Where is titanium found?

It is hard to find titanium as a pure element. However; titanium is found in parts of minerals as compounds in Earth’s crust. Titanium ranks the seventh most abundant metal and the ninth most abundant element in the Earth’s crust. Rutile and ilmenite are the minerals that considered the best source of titanium. Canada, Australia, and South Africa are the top producing countries of these ores. Titanium dioxide is the most common compound of titanium. Titanium is present in the sun, stars, and meteorites.

Usage of titanium:

Titanium mostly is used in the form of titanium dioxide (TiO2). Titanium dioxide is a bright whitish powder that has a number of industrial usages. It is used in the making of plastics, paint, paper, toothpaste, sports equipment, sunscreen, and cement, etc.

Titanium is alloyed with elements such as iron, nickel, vanadium, aluminum, and manganese to produce lightweight yet strong alloys. These alloys are useful in the making of missiles, aircraft, armor plating, naval ships, etc.

Due to the quality of its resistance to corrosion makes it useful in seawater applications. Titanium metal is also used in the production of motorcycles and racing cars because of its strength and low weight.

The characteristics of strength to weight makes titanium valuable in the production of products like football helmet grills, laptops, tennis rackets, firearms, bicycle frames, and cooking utensils.

It’s non-toxic and is harmless to human body hence it is used in the making of a number of surgical tools and implants.

Titanium is used in medical applications like hip joint replacements and dental implants.

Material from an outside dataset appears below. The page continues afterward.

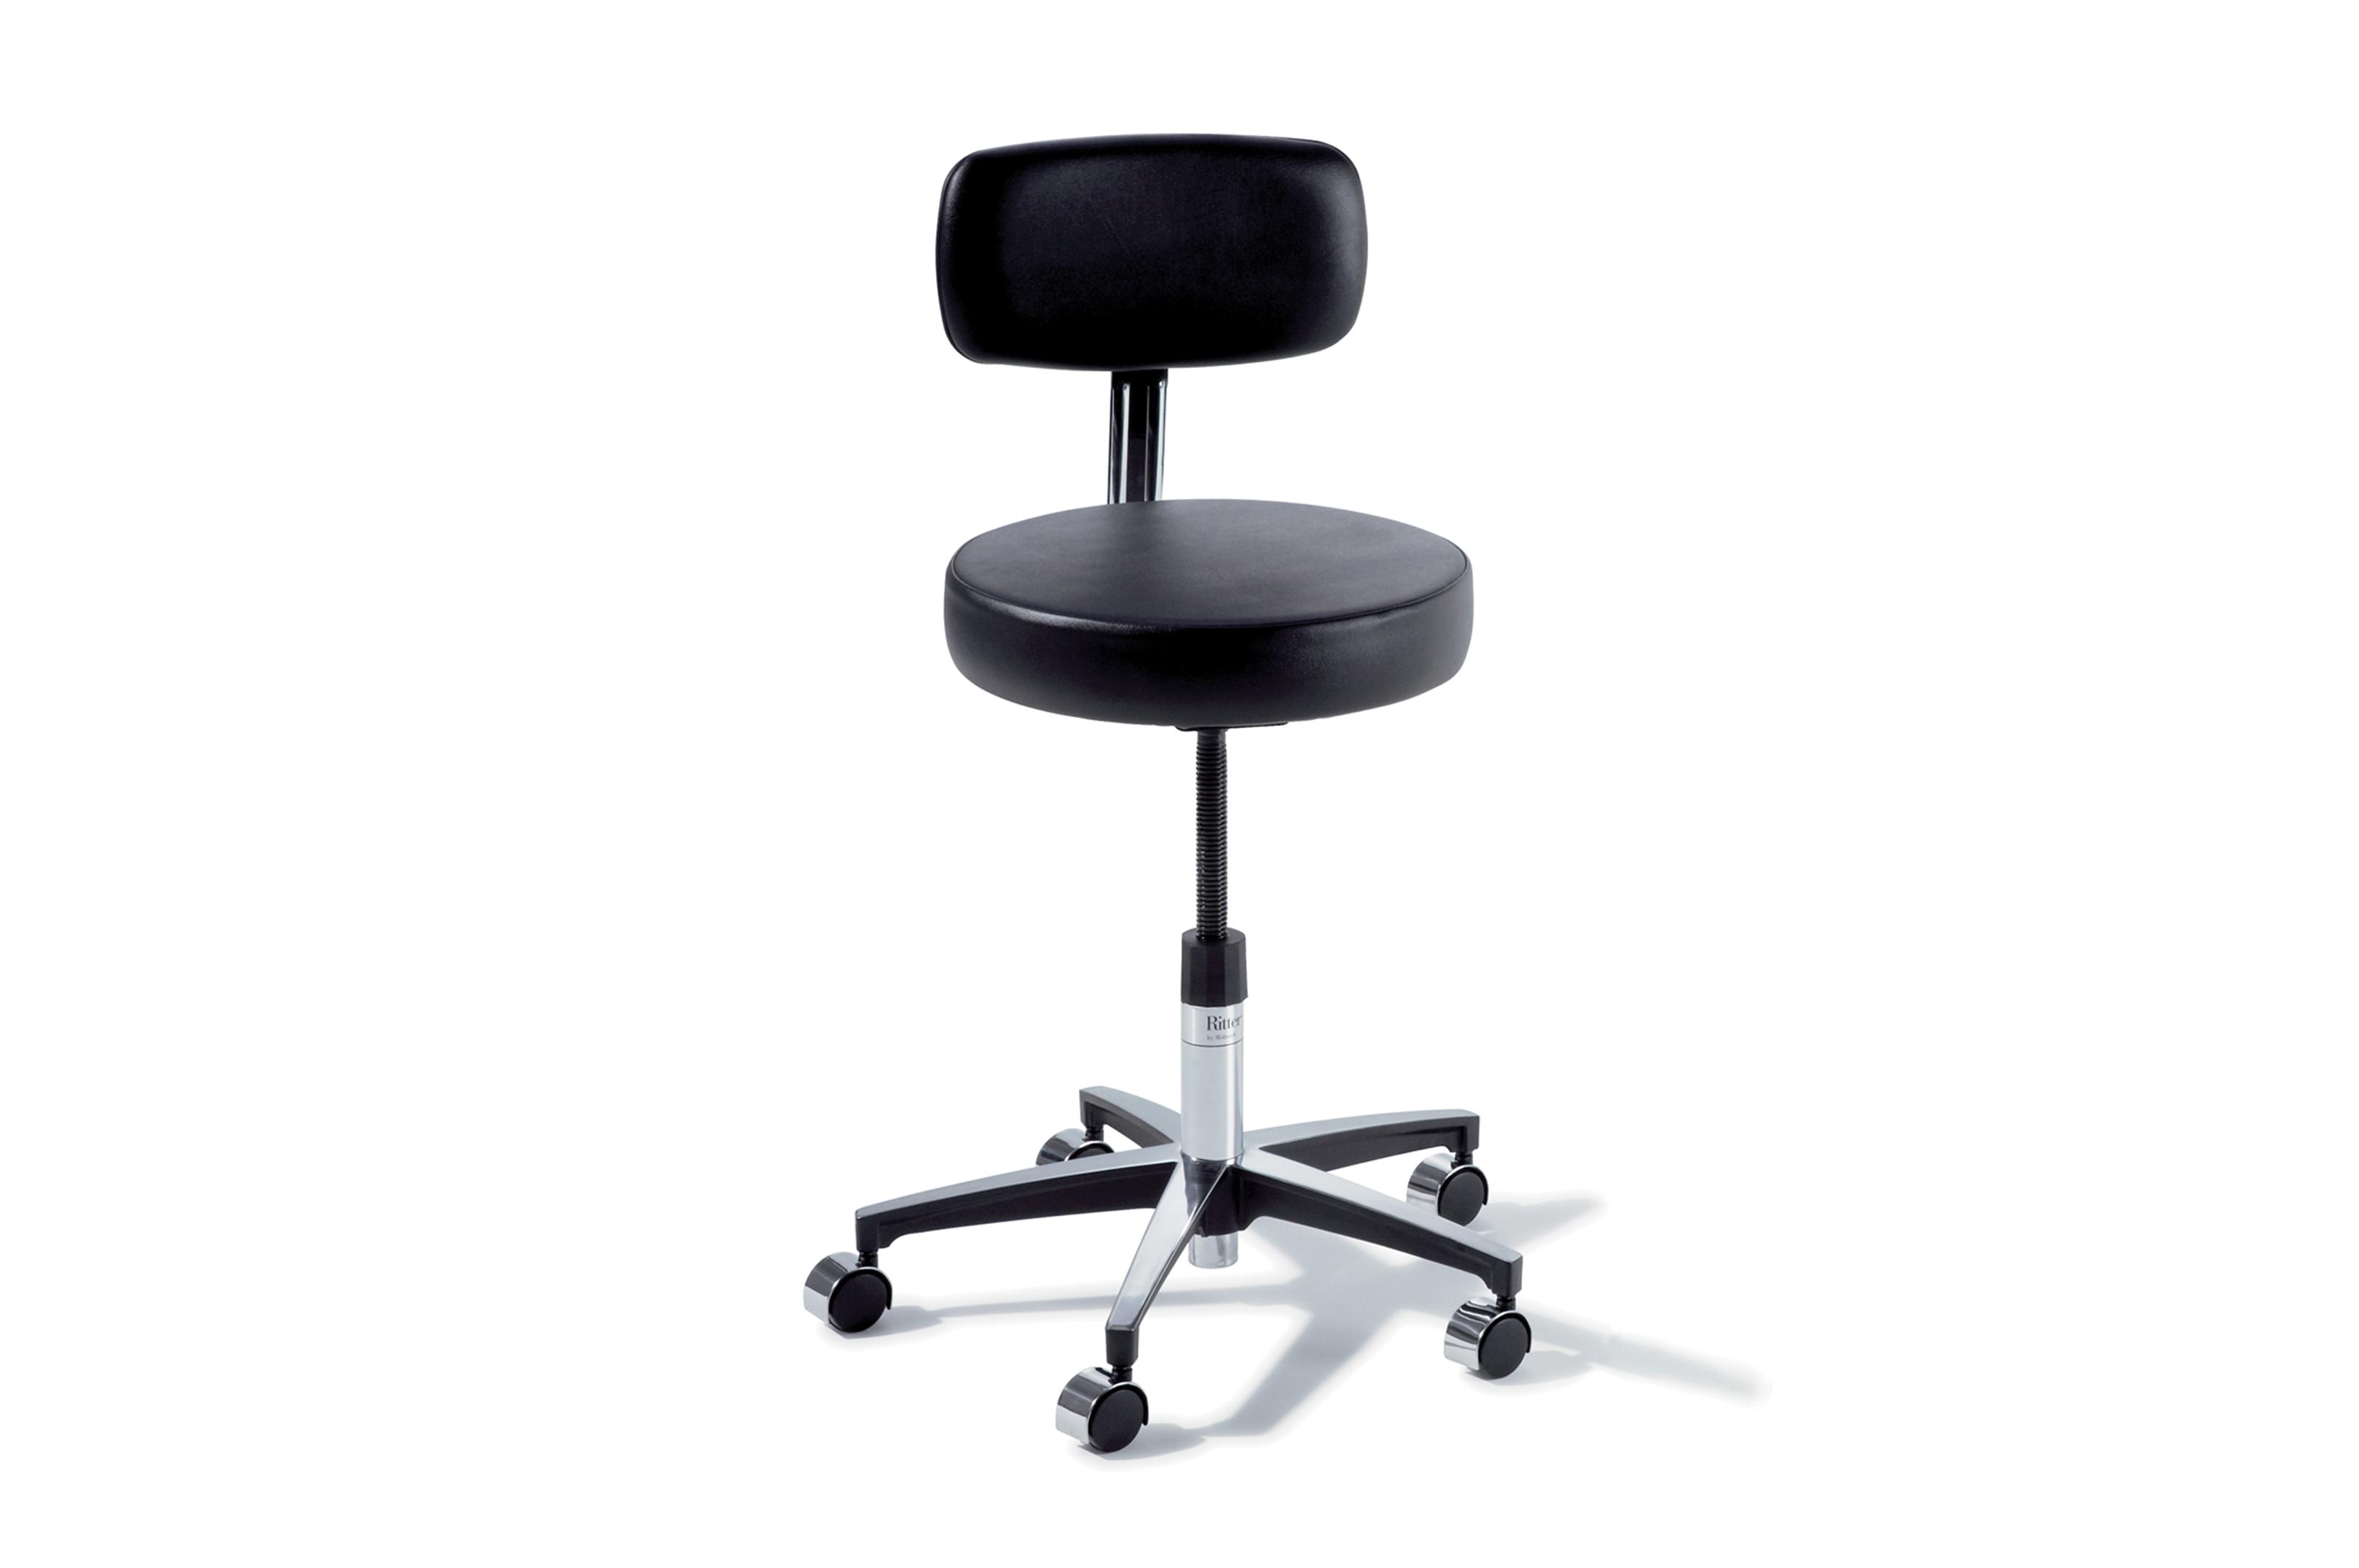 midmark-275-adjustable-physician-stool-back
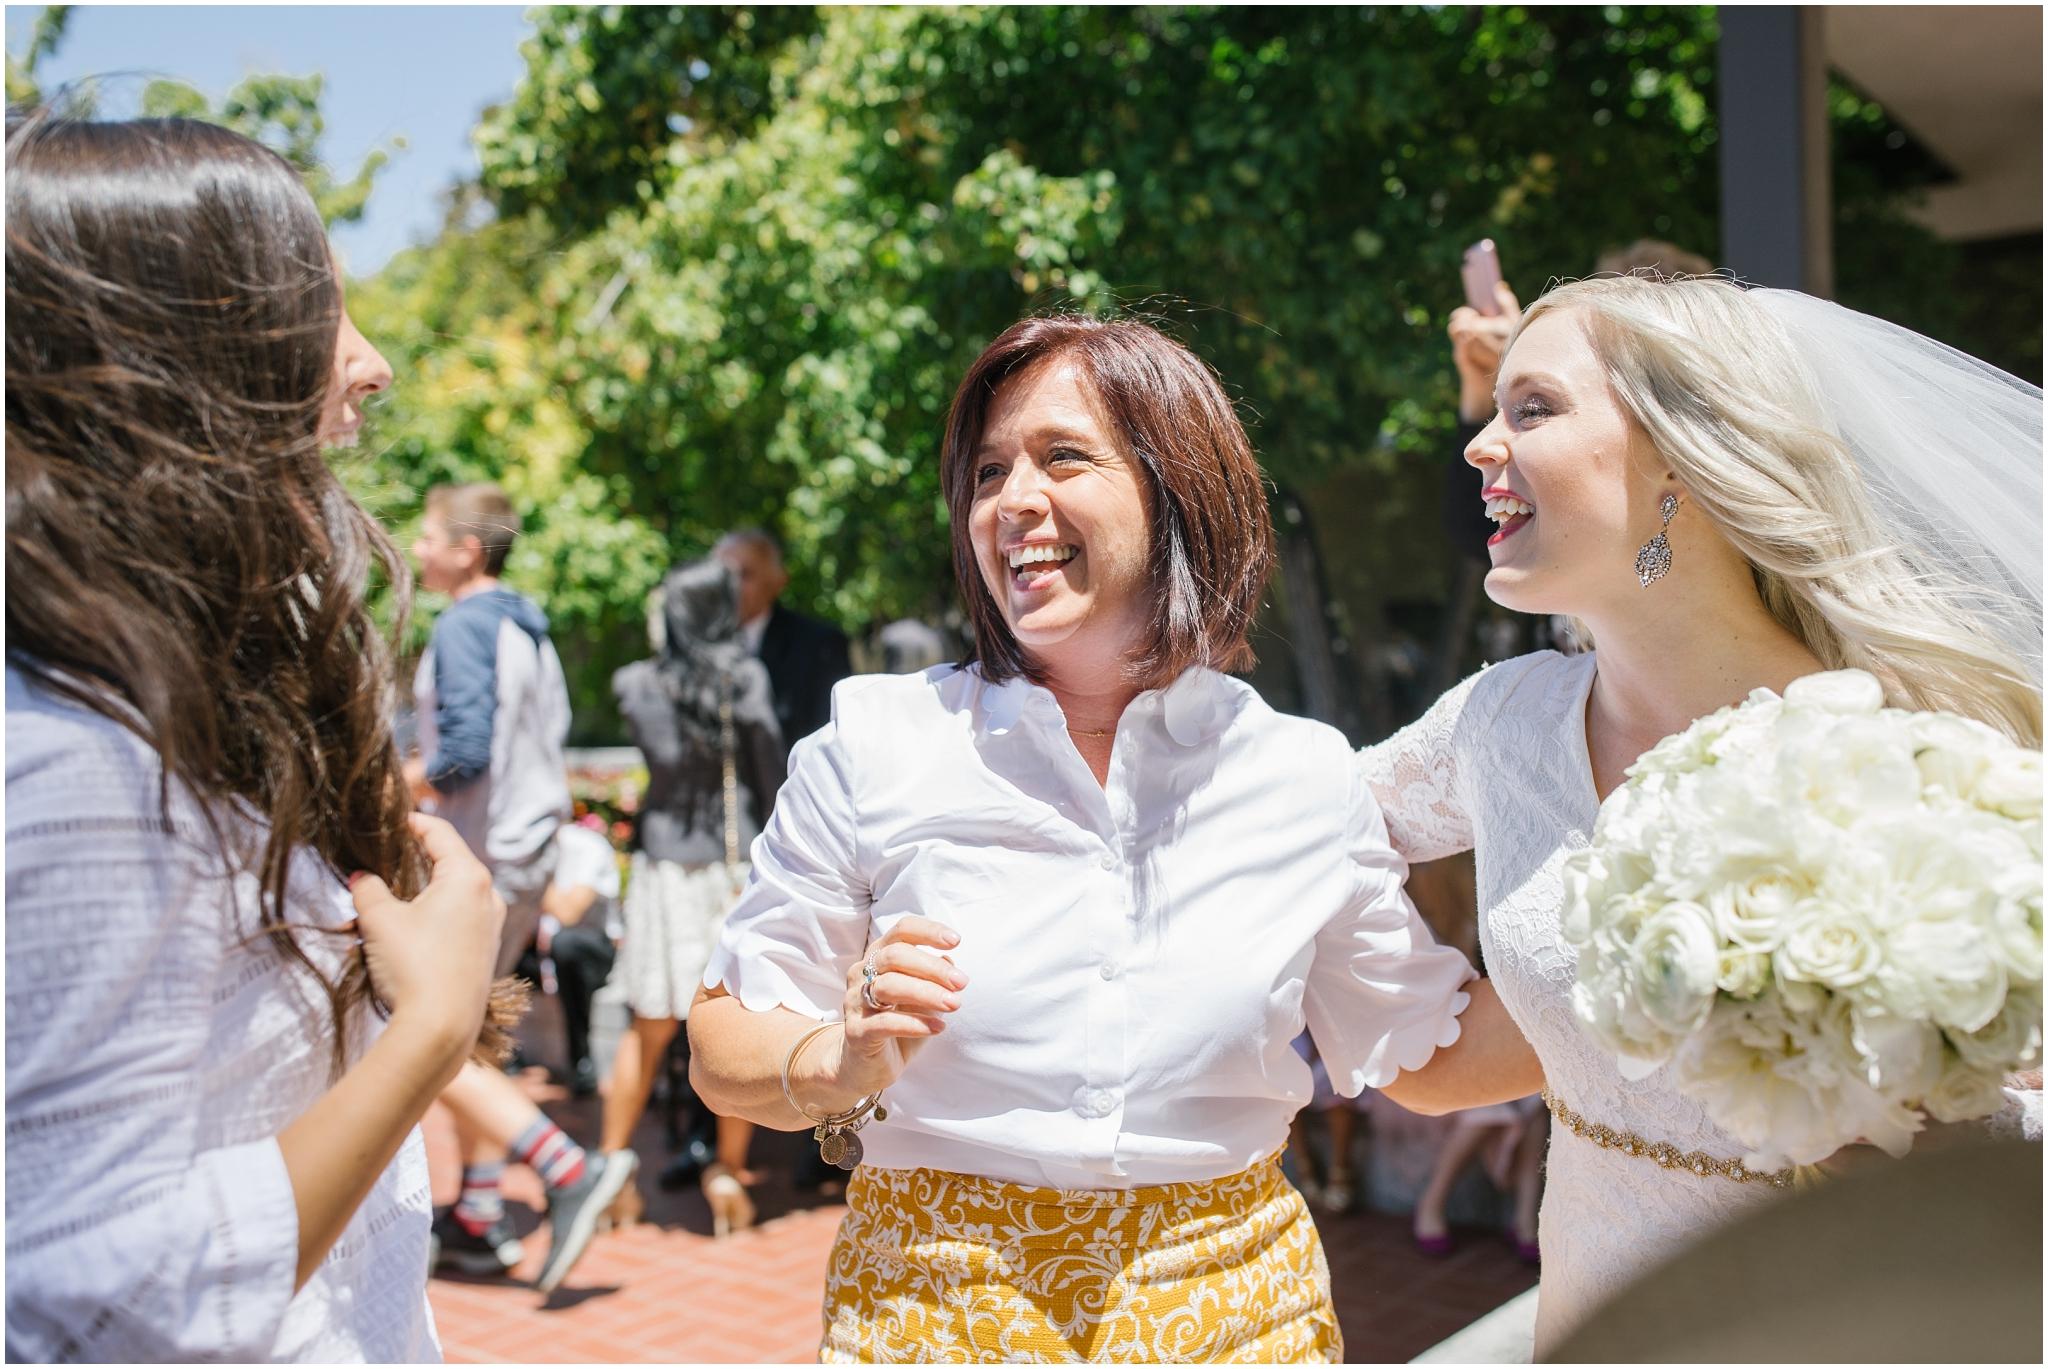 CherylandTyler-11_Lizzie-B-Imagery-Utah-Wedding-Photographer-Salt-Lake-City-Temple-Wells-Fargo-Building-Reception.jpg

Due to its durability titanium is also used in the making of jewelry like wristwatches, rings, earrings, etc.

It’s often used as a refractory metal due to its high melting point that is higher than 3000 degrees F. In Bilbao, Spain a famous Guggenheim Museum has its panels covered with titanium.


There are five stable isotopes of titanium that includes titanium-46, 47, 48, 49, and 50. The isotope titanium-48 is the major source of titanium found in nature (73.8% natural abundance). Titanium has eleven radioactive isotopes out of which seven has a life of fewer than 33 seconds. The few radioisotopes even have a life of less than half of one second.

Interesting attributes of titanium:

  • Titanium surface oxidizes readily when exposed to air.
  • Titanium is the only element that burns in pure nitrogen gas.
  • Containers of titanium are used to reserve nuclear waste.